VFIO will always call things with the existing capability offset so
there's no real risk of doing the wrong thing or break the list or
anything.
IE. A small simple patch that addresses the problem :-)
The new patch is a bit more "robust" I believe, I don't think we need to
go too far to fix a problem we don't have.
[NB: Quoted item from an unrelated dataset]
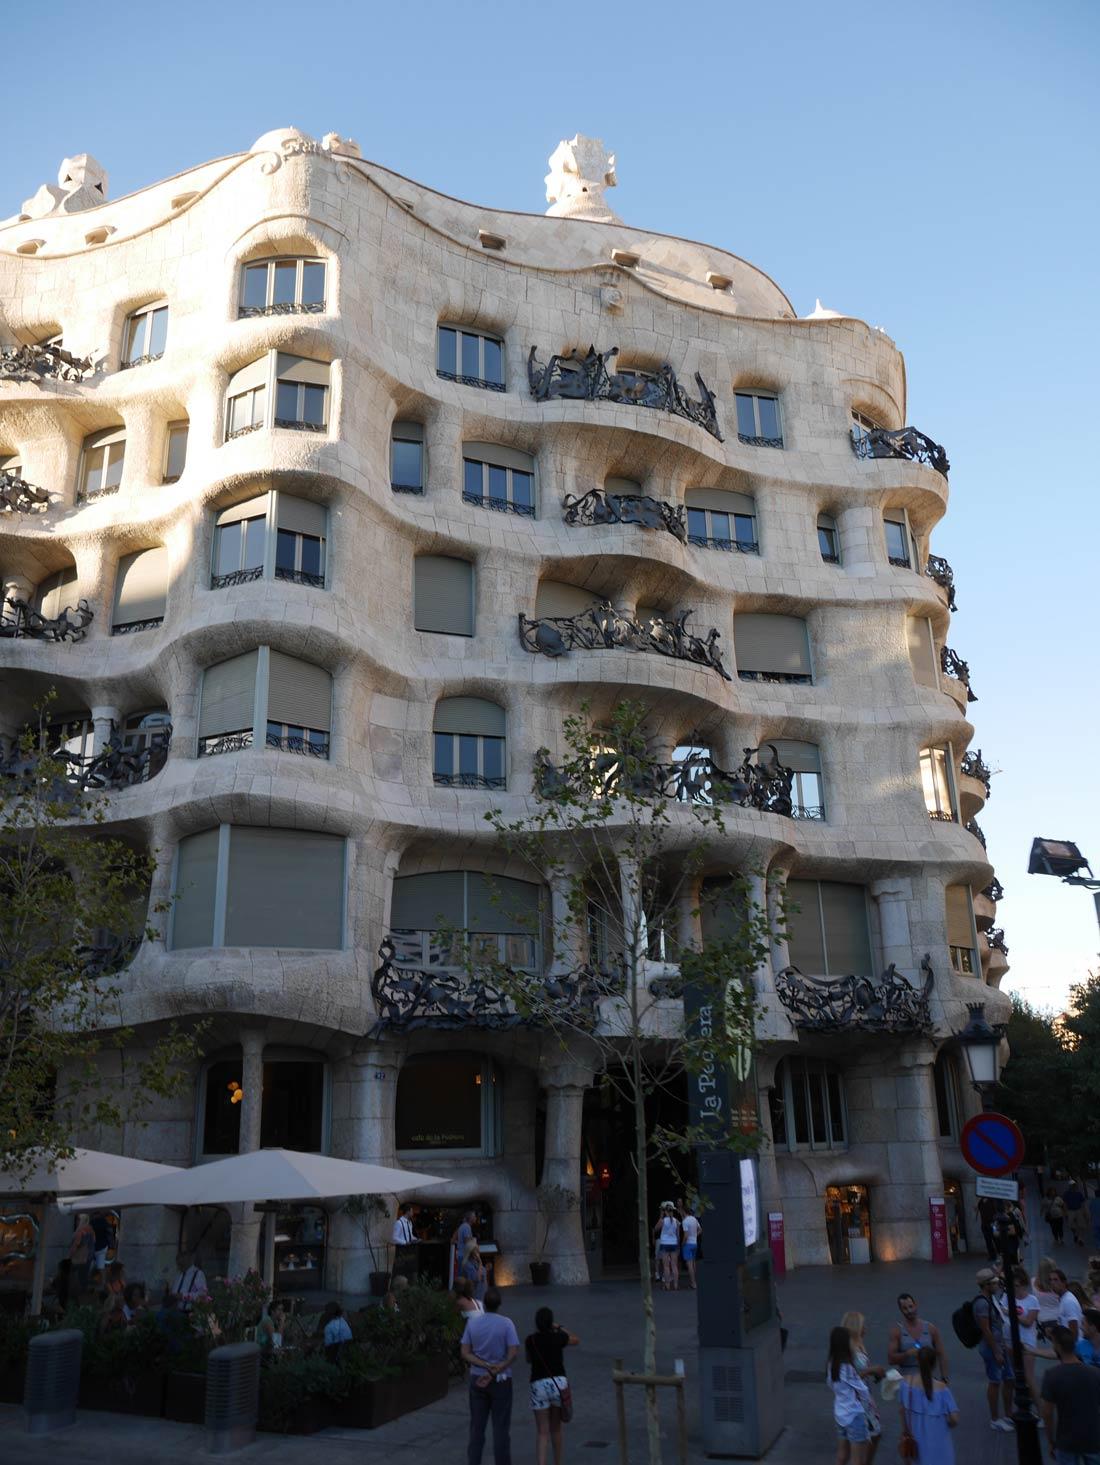 bonnes adresses à Barcelone : La Pedrera

But we need a fix for the
real issue and the simple patch does it neatly from what I can
understand.
Cheers,
Ben.
>
> @@ -1779,11 +1779,29 @@ static void pci_del_option_rom(PCIDevice *pdev)
> * in pci config space */
> int pci_add_capability(PCIDevice *pdev, uint8_t cap_id,
> uint8_t offset, uint8_t size)
> {
> - uint8_t *config;
> + uint8_t *config, existing;
> int i, overlapping_cap;
>
> + existing = pci_find_capability(pdev, cap_id);
> + if (existing) {
> + if (offset && (existing != offset)) {
> + return -EEXIST;
> + }
> + for (i = existing; i < size; ++i) {
> + if (pdev->used[i]) {
> + return -EFAULT;
> + }
> + }
> + memset(pdev->used + offset, 0xFF, size);
> + /* Make capability read-only by default */
> + memset(pdev->wmask + offset, 0, size);
> + /* Check capability by default */
> + memset(pdev->cmask + offset, 0xFF, size);
> + return existing;
> + }
> +
> if (!offset) {
> offset = pci_find_space(pdev, size);
> if (!offset) {
> return -ENOSPC;
>
>
>
>
>
>
> On 14/05/12 13:49, Alexey Kardashevskiy wrote:
> > On 12/05/12 00:13, Alexander Graf wrote:
> >>
> >> On 11.05.2012, at 14:47, Alexey Kardashevskiy wrote:
> >>
> >>> 11.05.2012 20:52, Alexander Graf написал:
> >>>>
> >>>> On 11.05.2012, at 08:45, Alexey Kardashevskiy wrote:
> >>>>
> >>>>> Normally the pci_add_capability is called on devices to add new
> >>>>> capability. This is ok for emulated devices which capabilities list
> >>>>> is being built by QEMU.
> >>>>>
> >>>>> In the case of VFIO the capability may already exist and adding new
> >>>>> capability into the beginning of the linked list may create a loop.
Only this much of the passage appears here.